Nobel Literature Prize to journalist/writer who gives voice to voiceless
“I thought – how sad that they will never know”, she said of the female WWII soldiers of her book “War’s Unwomanly Face” and the emergency workers who sacrificed themselves after the nuclear catastrophe whose stories she recorded in “Voices from Chernobyl”.
Alexievich also has written three plays and the screenplays for 21 documentary films.
Announcing the prize in Stockholm, the chair of the Swedish Academy, Sara Danius, called her writing “a monument to courage and suffering in our time”, according toBBC News.
“The message of her works – it’s really a message of humanity and a celebration of those forgotten in history…it’s a powerful message that transcends politics”, he said.
In the Svetoch bookshop, sales assistant Anastasia pointed out Alexievich’s works in the original Russian, which most people in ex-Soviet Belarus speak fluently.
The 67-year-old’s books have been published in 19 countries.
Speaking by phone to Swedish broadcaster SVT, Svetlana Alexievich said winning the Nobel Prize in literature left her with a “complicated” feeling. “It’s as good as Shakespeare”, she said of the quality of the woman’s words when I asked her about that part of the book, years ago.
‘For money I can buy one thing, I buy freedom.

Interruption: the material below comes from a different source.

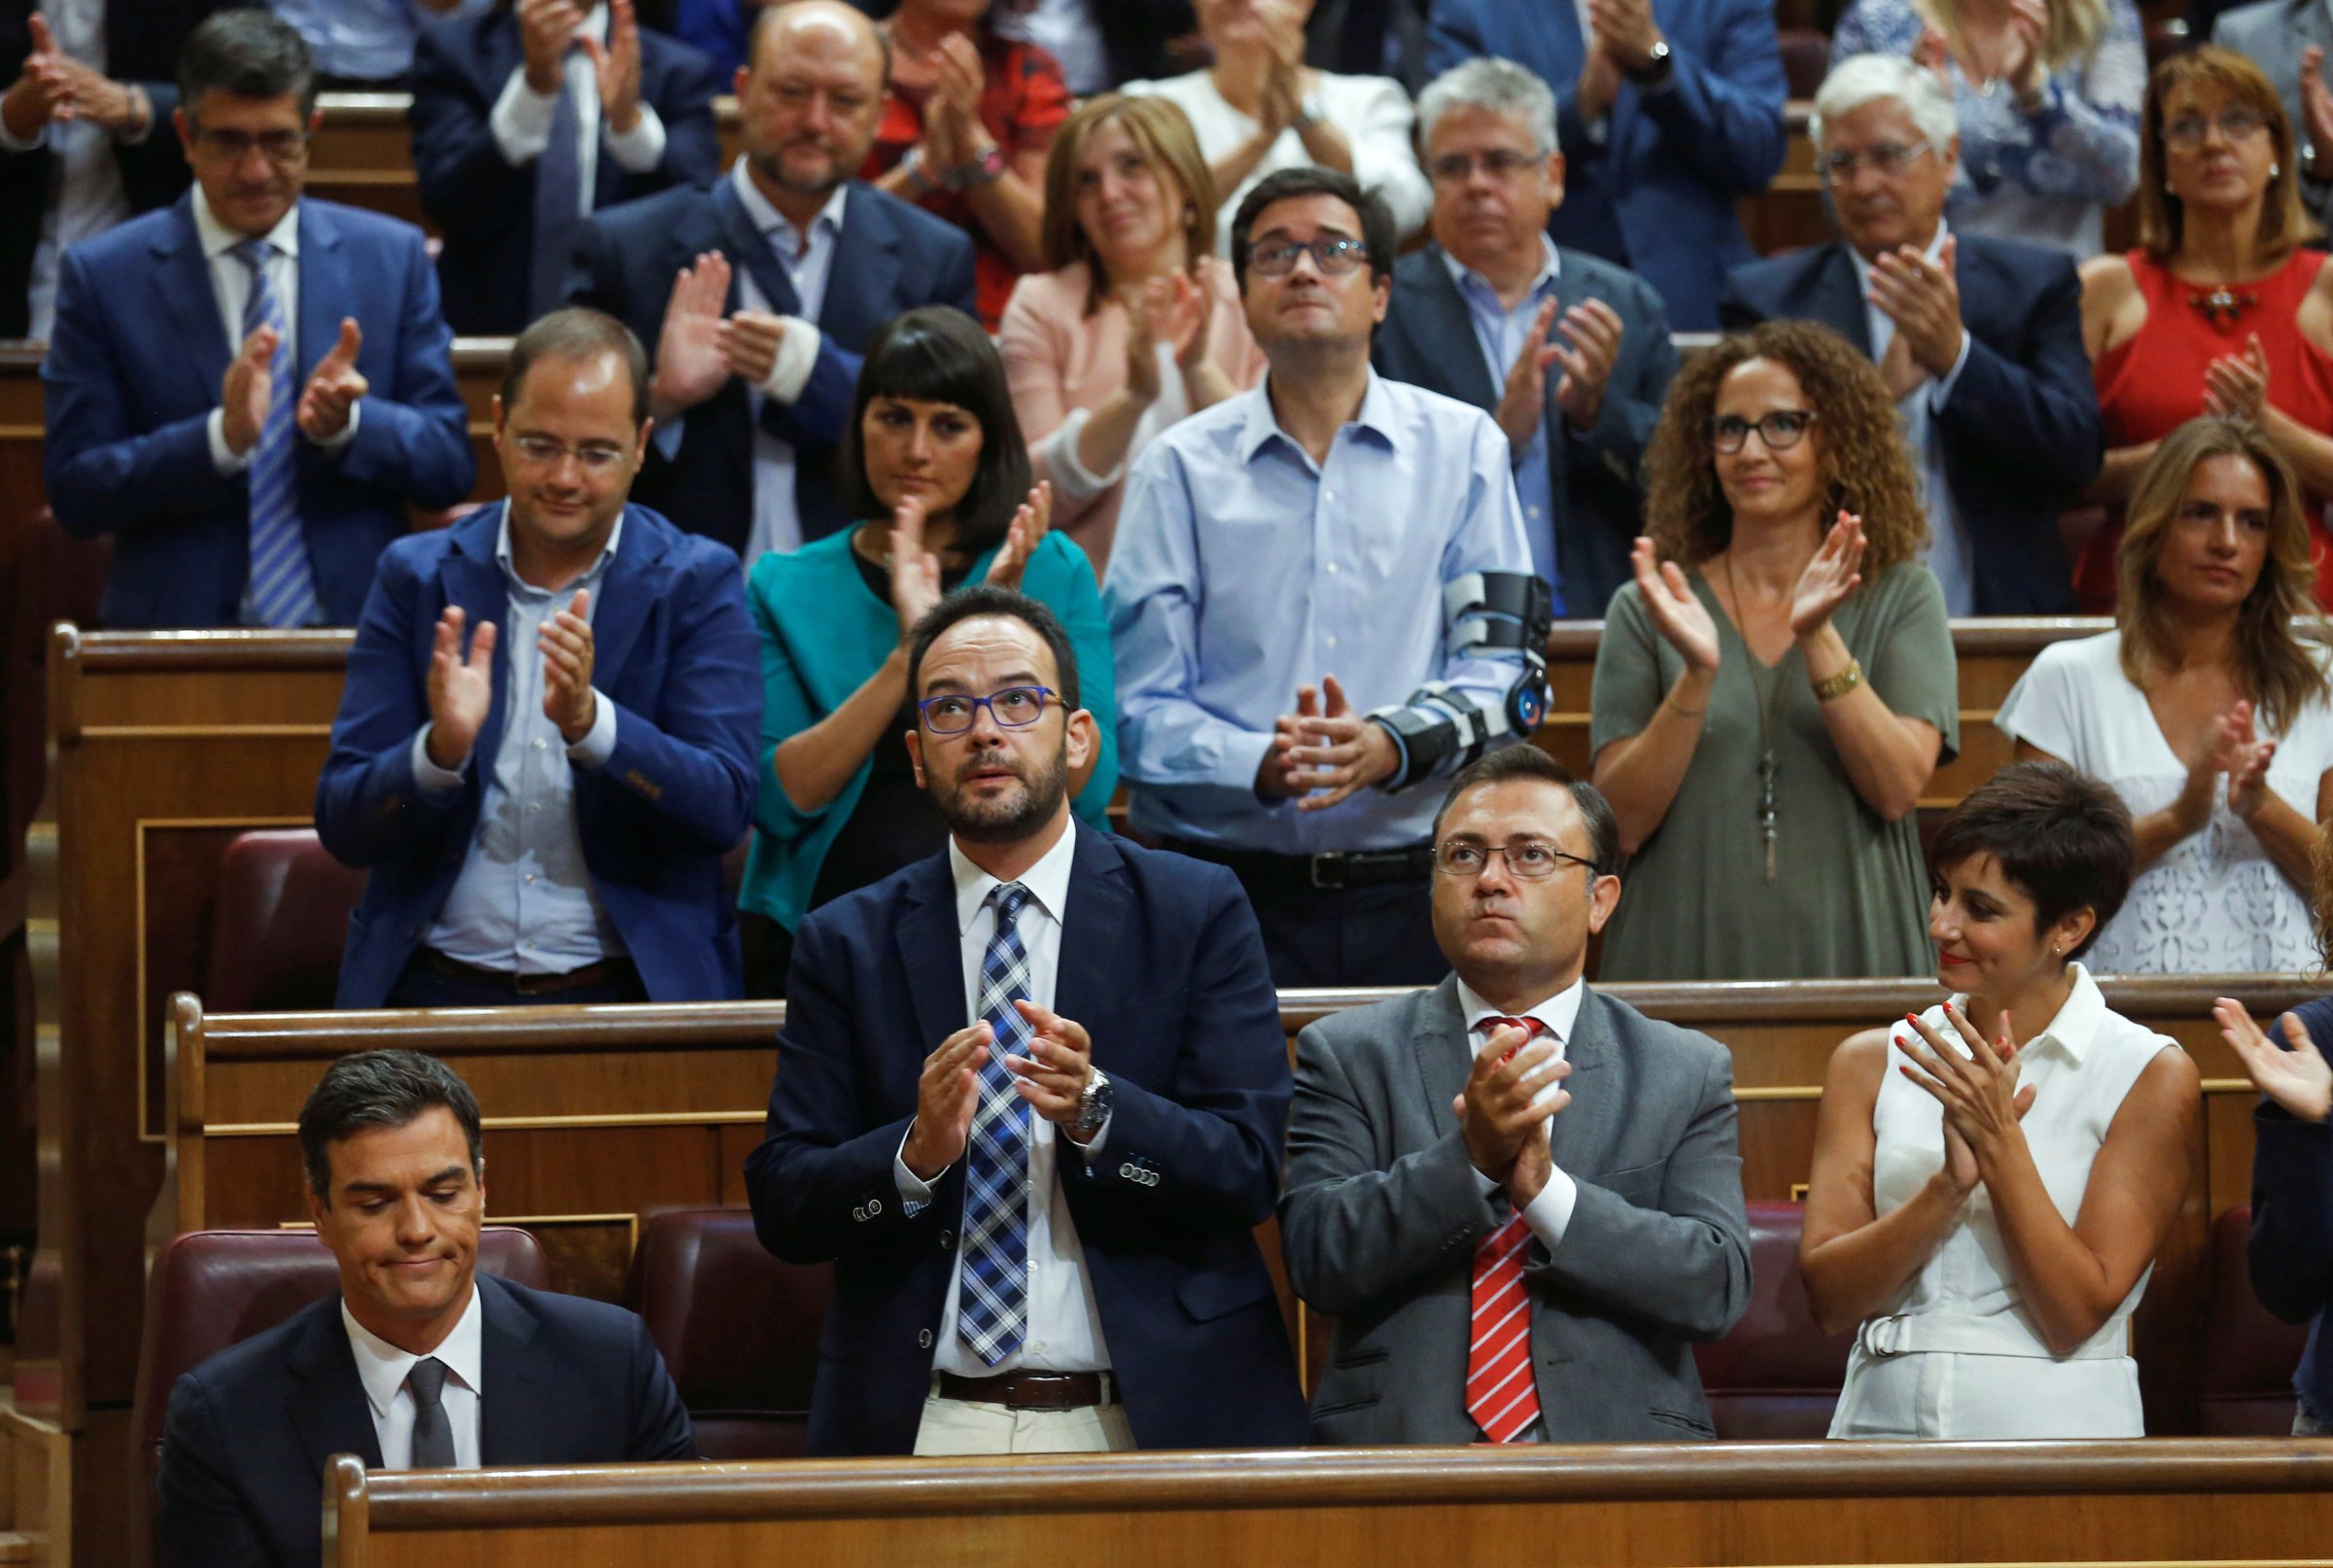 Spain's Socialist party leader Sanchez is applauded by party members after delivering a speech at parliament in Madrid

Because of this, she lived overseas for 10 years, mostly in Western Europe. She’s also the first from Belarus.
“We see who is leading us – this is the time of a triumph of mediocrity”, she said in a 2013 interview with the newspaper, Belorusskaya Delovaya Gazeta.

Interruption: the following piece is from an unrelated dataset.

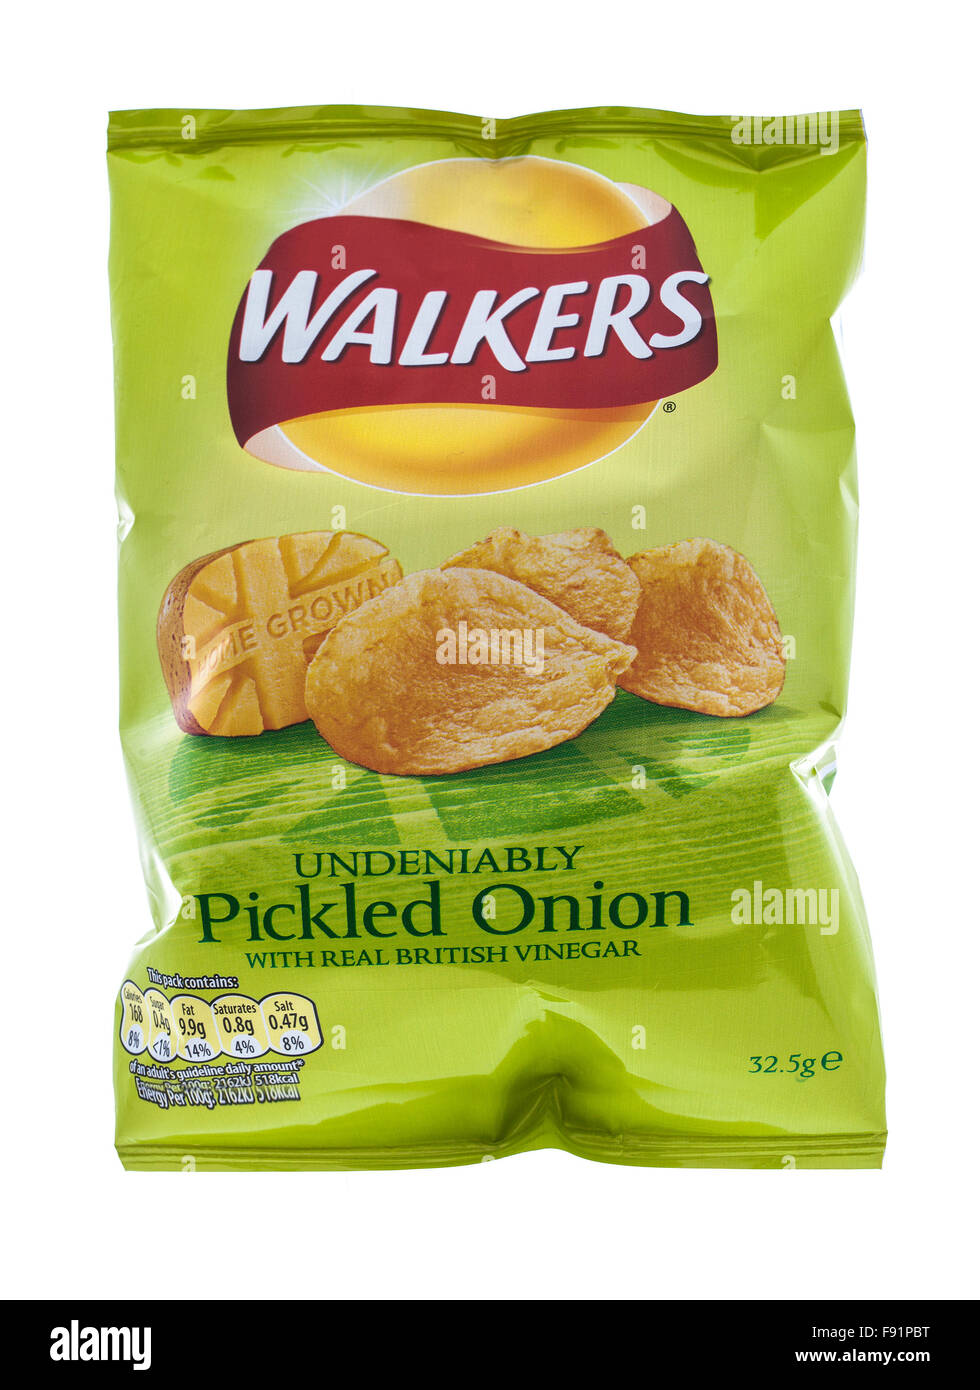 Packet Of Walkers Pickled Onion Crisps on a White Background Stock Photo

“A new national leader has appeared in Belarus, She has more authority now than any politician – the president or a minister”.
“It’s not an award for me but for our culture, for our small country, which has been caught in a grinder throughout history”, she told reporters in Minsk, adding that history showed there was no place for compromise when faced with oppression.
Jacques Testard, an editor at Fitzcarraldo, said of Alexievich’s works, “Her books are very unusual and hard to categorise”.
Read excerpts of Voices from Chernobyl. The prize is worth roughly $970,000.
She had been nominated for the Nobel Prize for many years.
When Alexievich got the call that she had won the Nobel Prize, she reportedly exclaimed, “Fantastic!” “I want to evoke a world not bound by the laws of ordinary verisimilitude, but fashioned in my own image”, she wrote in her 1989 book Zinky Boys. Alexievich spent four years gathering material about the USSR’s last war, even traveling to Afghanistan, but especially about the fear that lurked in all the families with maturing sons: He’ll be drafted, sent to “Afghan” and will return in a zinc coffin.